Your assignment ▸ Your answer must be the full listing, reproduced exactly, minus any pictures.

Data shown ▸
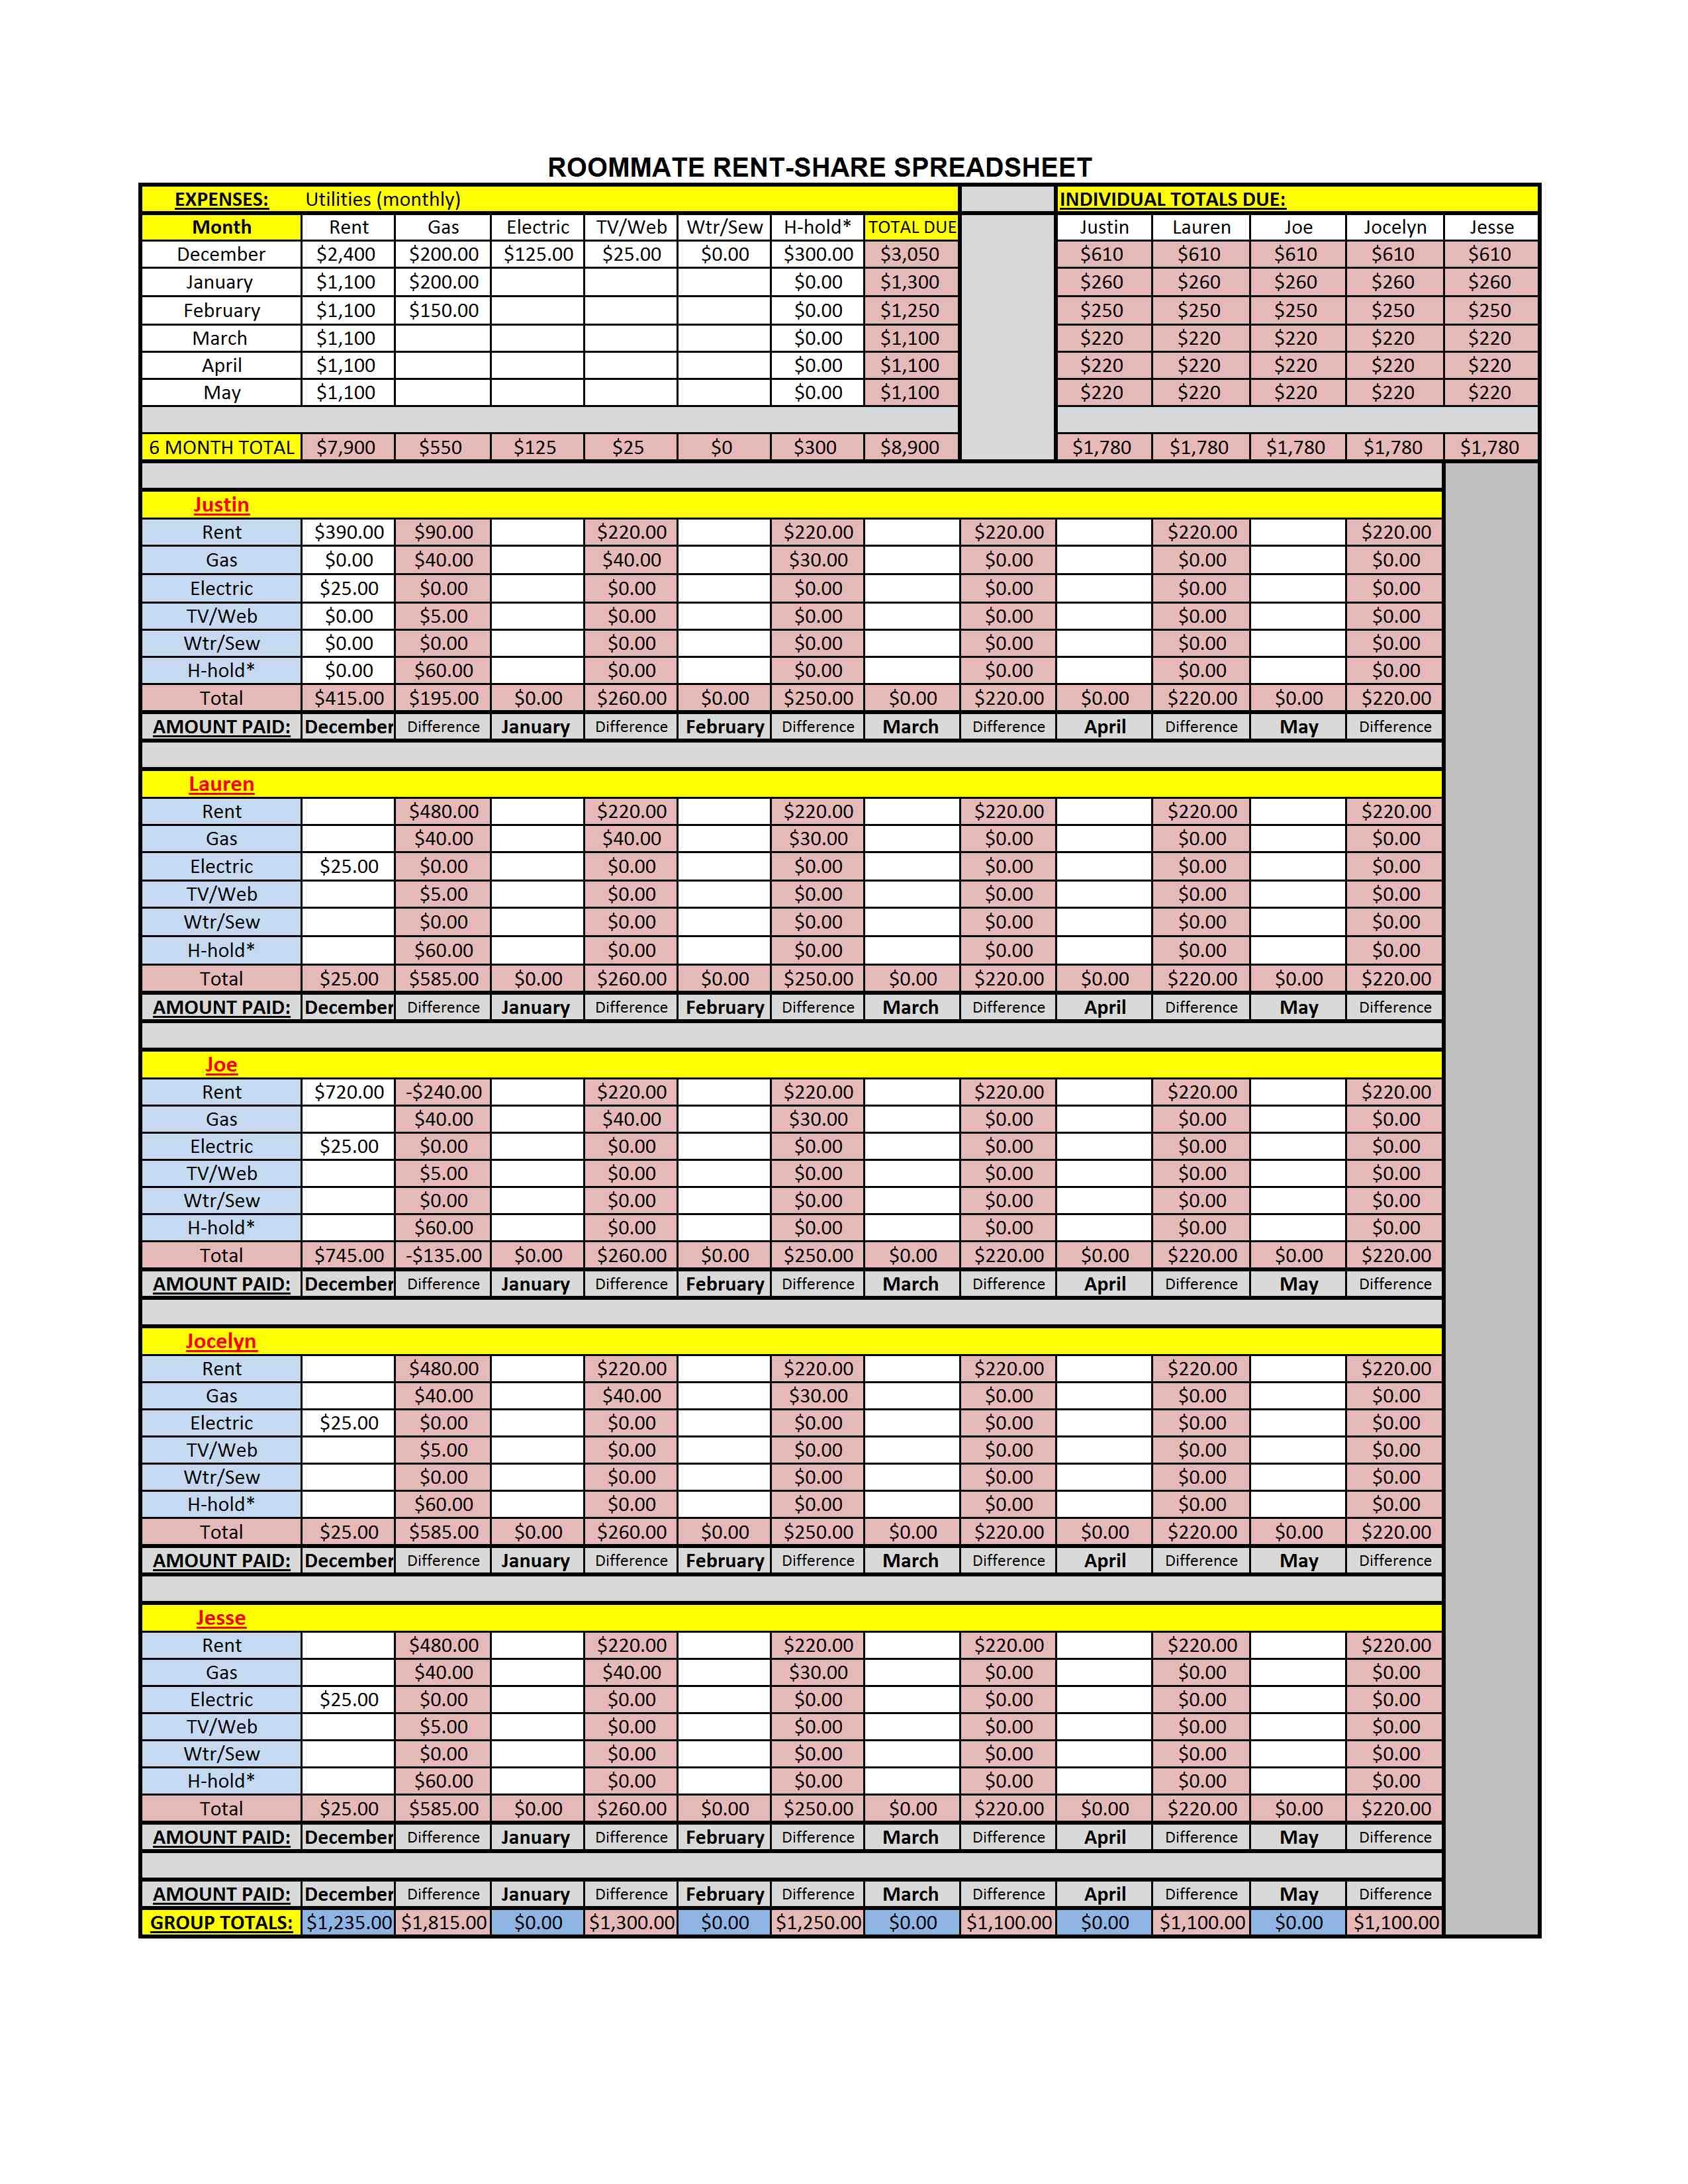 Roommate Expense Spreadsheet On Budget Excel Workout Document Sheet For
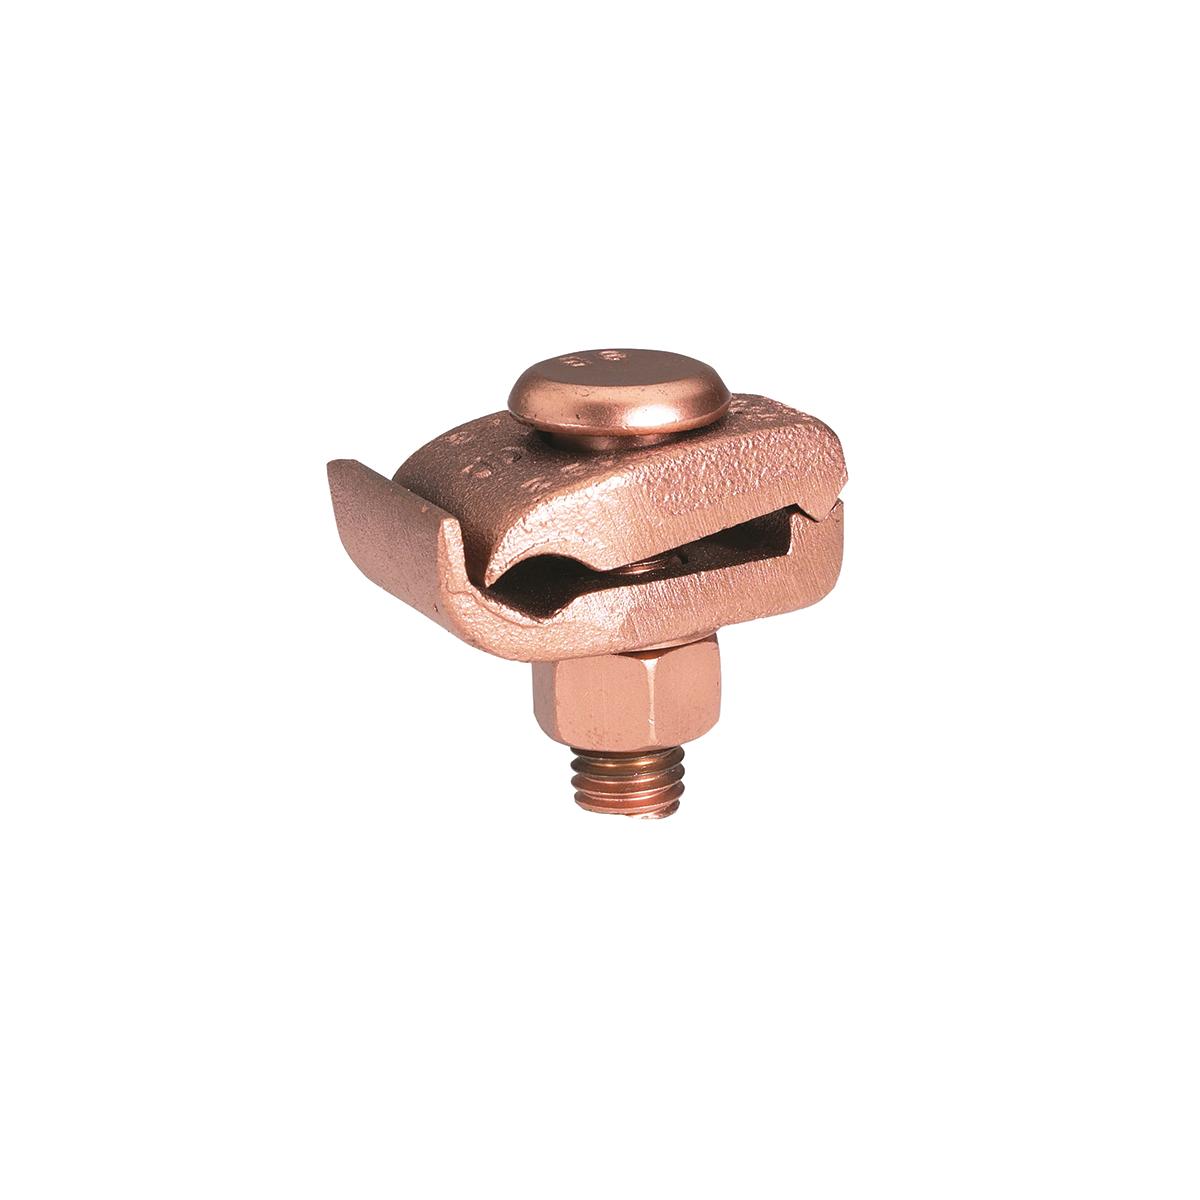 Hubbell GB34G15 Accommodates: 300-500 kcmil; Bar: 1/4"; For assembly use: 1/2-13 UNC2A X 2.25 long silicon bronze bolt, nut, and split lock washer. 
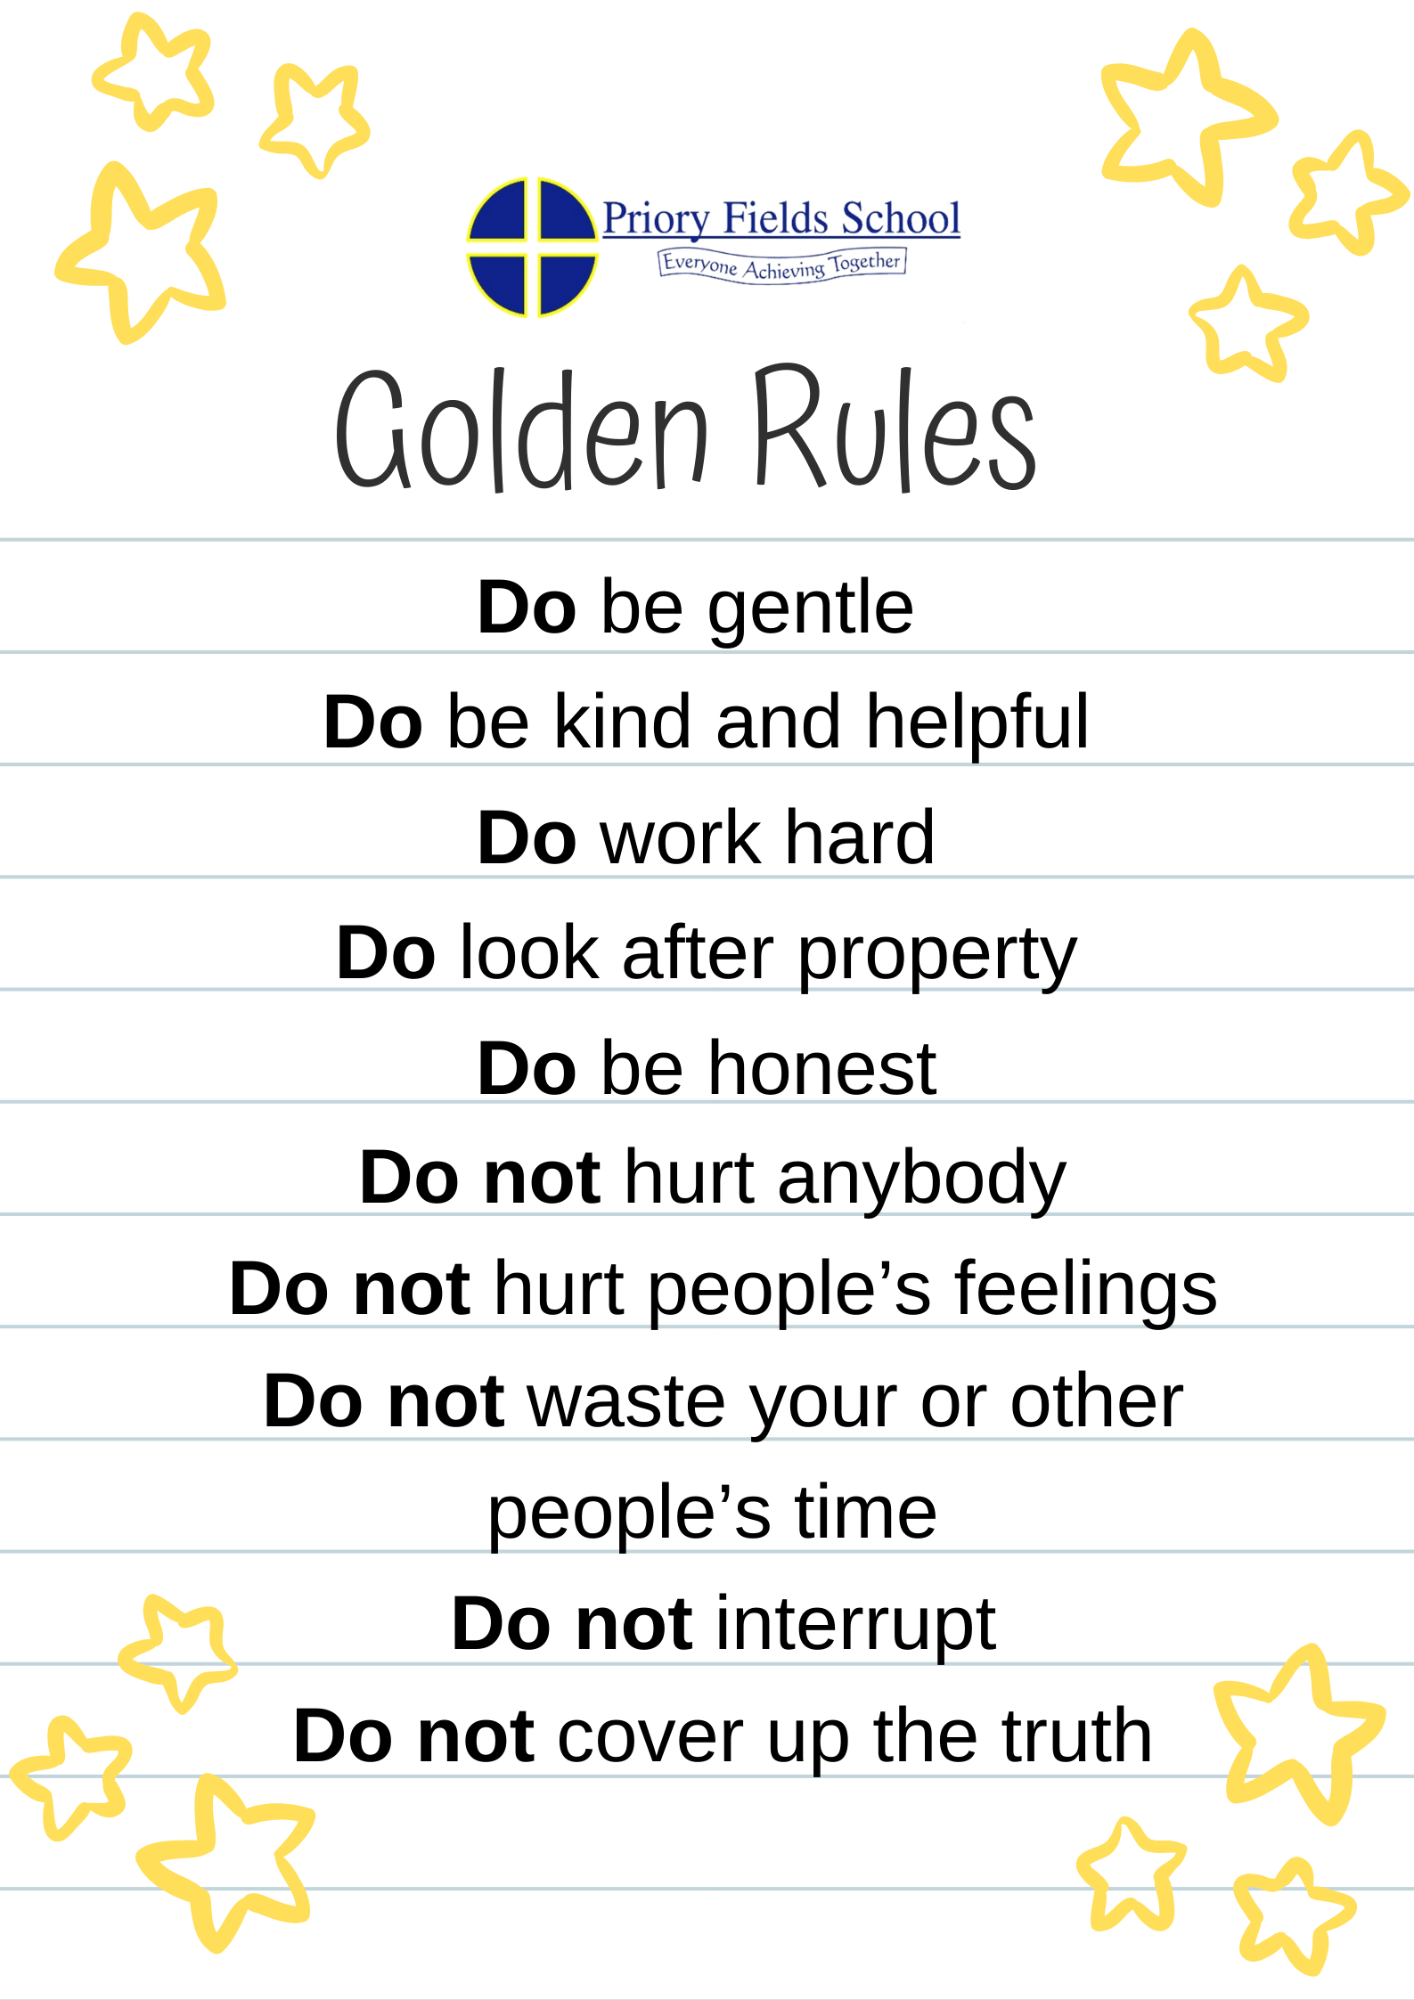 The golden rules

Written reply ▸
 Roommate Expense Spreadsheet On Budget Excel Workout Document Sheet For
 Hubbell GB34G15 Accommodates: 300-500 kcmil; Bar: 1/4"; For assembly use: 1/2-13 UNC2A X 2.25 long silicon bronze bolt, nut, and split lock washer. 
 The golden rules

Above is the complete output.